Coma associated with flaccidity produced by fluid-percussion concussion in the cat. II: Contribution of activity in the pontine inhibitory system.

In the preceding paper we reported that concussive levels of fluid-percussion head injury can produce transient flaccidity of postural muscles associated with other indices of coma. This reversible coma associated with flaccidity follows an initial period of generalized areflexia and occurs in the absence of EEG slow waves. The present study investigated the physiological mechanisms underlying the flaccidity following concussive head injury be recording dorsal and ventral root potentials of the spinal cord.
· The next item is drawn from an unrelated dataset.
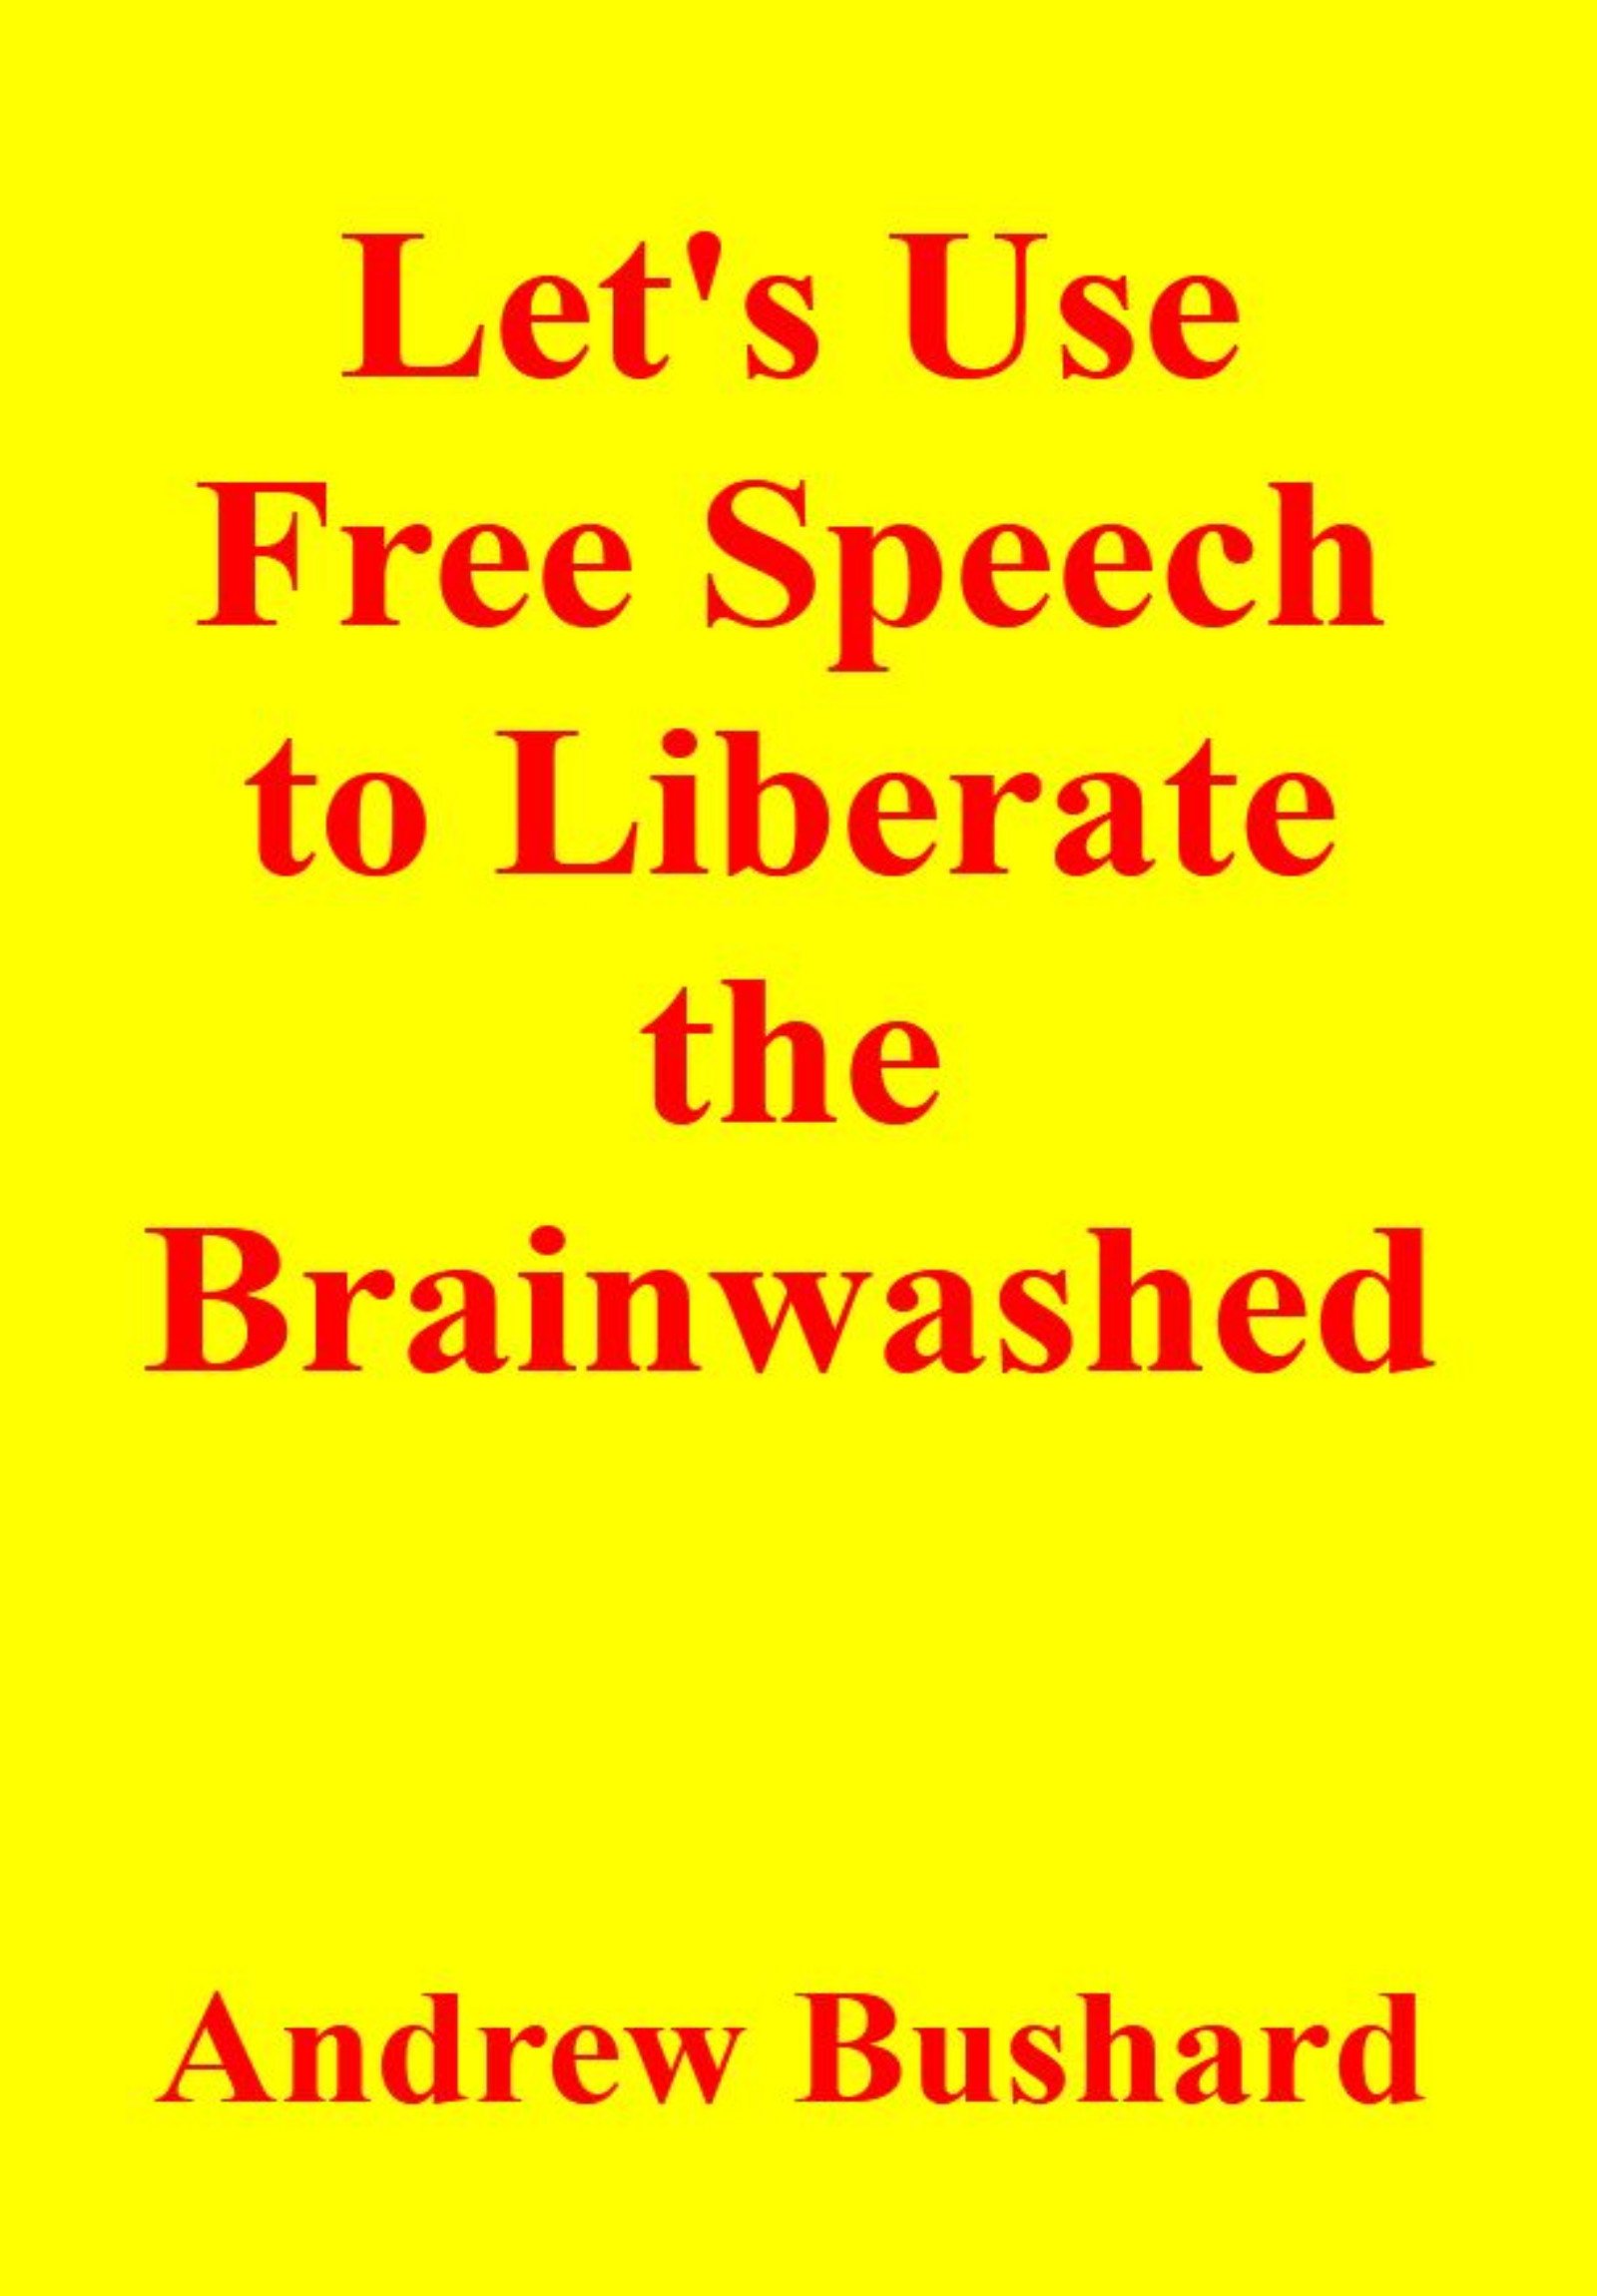 Let's Use Free Speech to Liberate the Brainwashed

Studies indicated that, during the initial period of generalized areflexia, afferent input transmission was depressed although the excitability of motoneuronal pools was increased. In contrast, during periods of flaccidity, spinal cord somatomotor functions were depressed while transmission of afferent inputs was recovering. Systematic transection of the brain stem showed that activity within structures lying between collicular and midpontine levels is necessary to produce this latter condition. Cholinergic activation of pontine inhibitory areas within this same region of the rostral pons can produce profound descending inhibitory influences on postural somatomotor function in conjunction with other features of coma including suppression of eye-opening responses. Such effects occur without EEG slow waves. Moreover, other data indicate that local rates of glucose utilization within this pontine inhibitory area increase following concussive head injury. Thus, it is possible that a predominance of activity within the pontine inhibitory area could provide at least one neural basis for the reversible comatose state following concussive head injury characterized by close association between flaccidity and other indices of coma. Possible relationships of these data to clinically observed features of concussion are discussed.